4.1 The DDS Economic Model: Third Royal Road
DDS rejects both extreme neoliberalism (which concentrates wealth in a few hands under the guise of efficiency) and centralized statism (which concentrates power in the state and stifles individual initiative). DDS proposes a third way based on:
- Regulated free enterprise: The market works and private initiative is welcome, but within rules that prevent monopolistic concentration, the externalization of social costs, and the capture of national rents by foreign interests.
- Collective ownership of strategic resources: Natural resources, water, strategic agricultural land and critical infrastructure are owned by the people of Chile through the PCNT mechanism.

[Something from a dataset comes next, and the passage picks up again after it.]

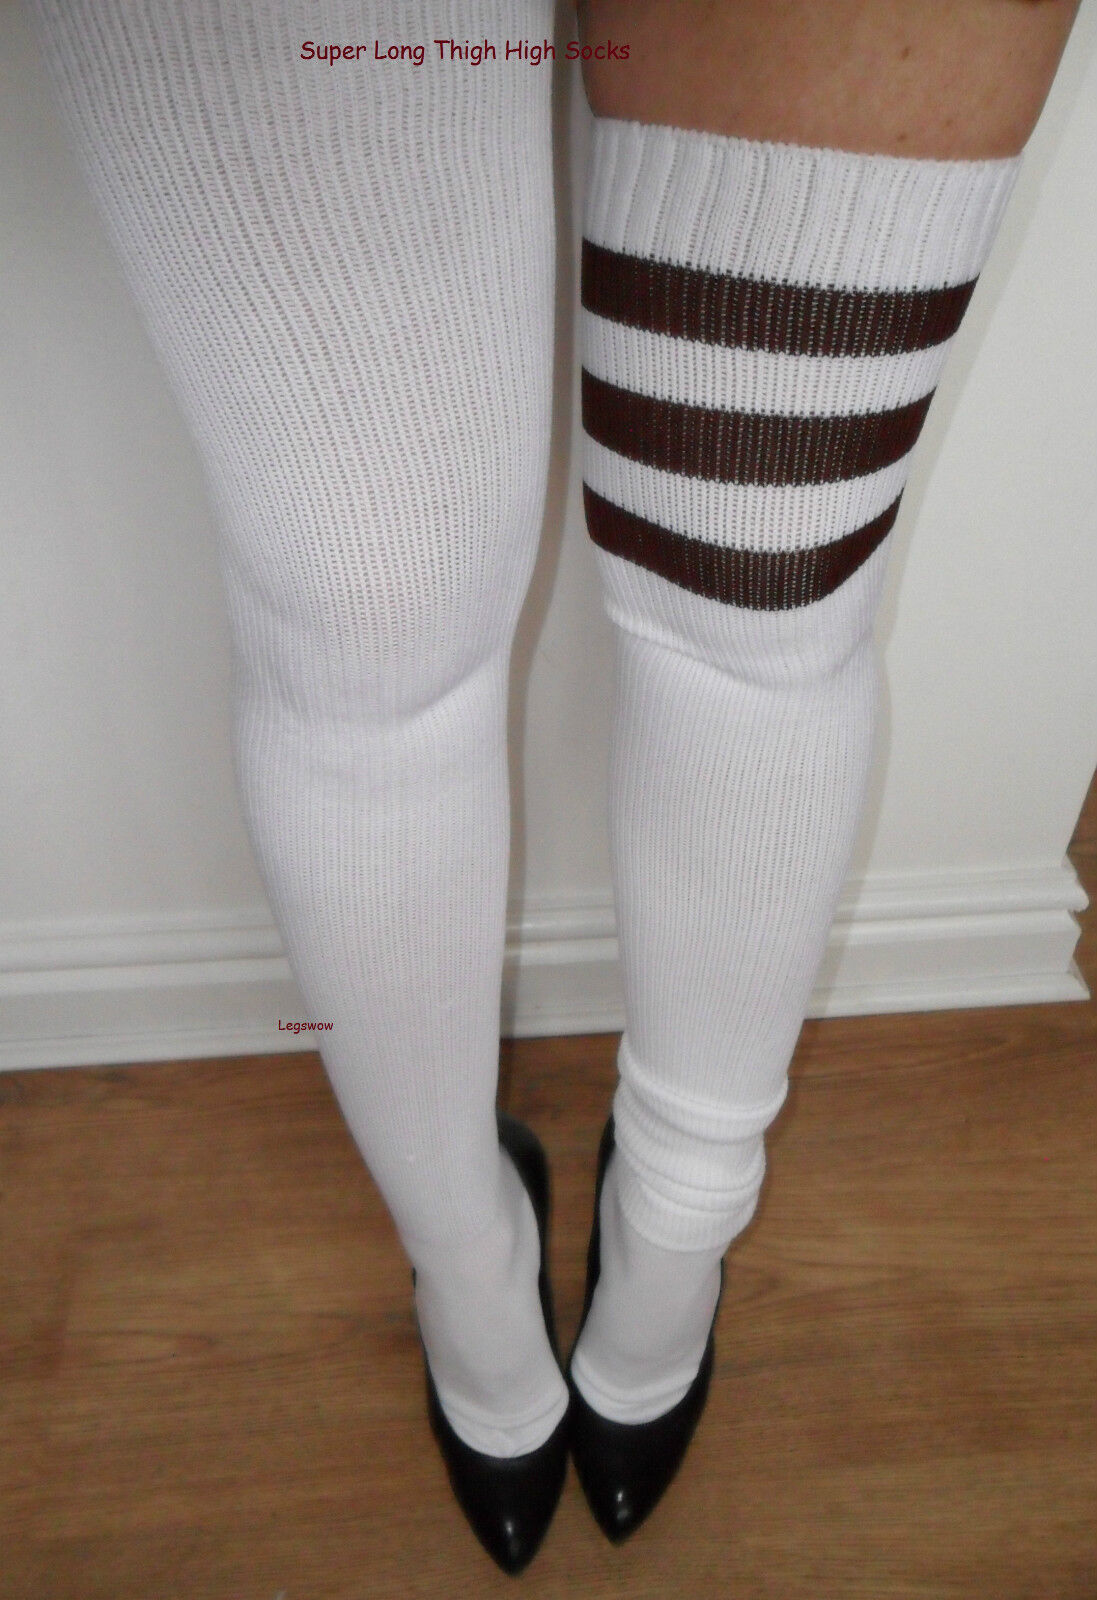 david sis recommends thigh high sock fetish pic

- Automatic redistribution: Redistribution mechanisms are not discretionary or dependent on the political will of the moment: they are structural, automatic, and verifiable.
- Total market transparency: No business agreement, merger, or public concession can be conducted in secret. Everything is public, audited, and approved by citizens through the DDS platform.
4.2 Reform of the Production System
4.2.1 Industrialization of Copper and Lithium
Chile primarily exports unprocessed raw materials, losing the enormous added value that could be generated through industrial processing within the country. DDS proposes a progressive structural transformation:
- Phase 1 (years 1-3): Creation of the National Mining Industrialization Agency (ANIM), with financing guaranteed by the surplus of mining revenue. Design of the industrialization master plan in collaboration with Chilean universities and international specialists.
- Phase 2 (years 4-7): Construction of the first lithium processing plants in the Atacama and Antofagasta regions, generating highly skilled jobs. Manufacturing of battery cells in Chile instead of exporting raw lithium.
- Phase 3 (years 8-15): Chile positions itself as a producer of batteries, electronic components, and inputs for the global energy transition. The value of exports increases 4-6 times compared to raw material exports.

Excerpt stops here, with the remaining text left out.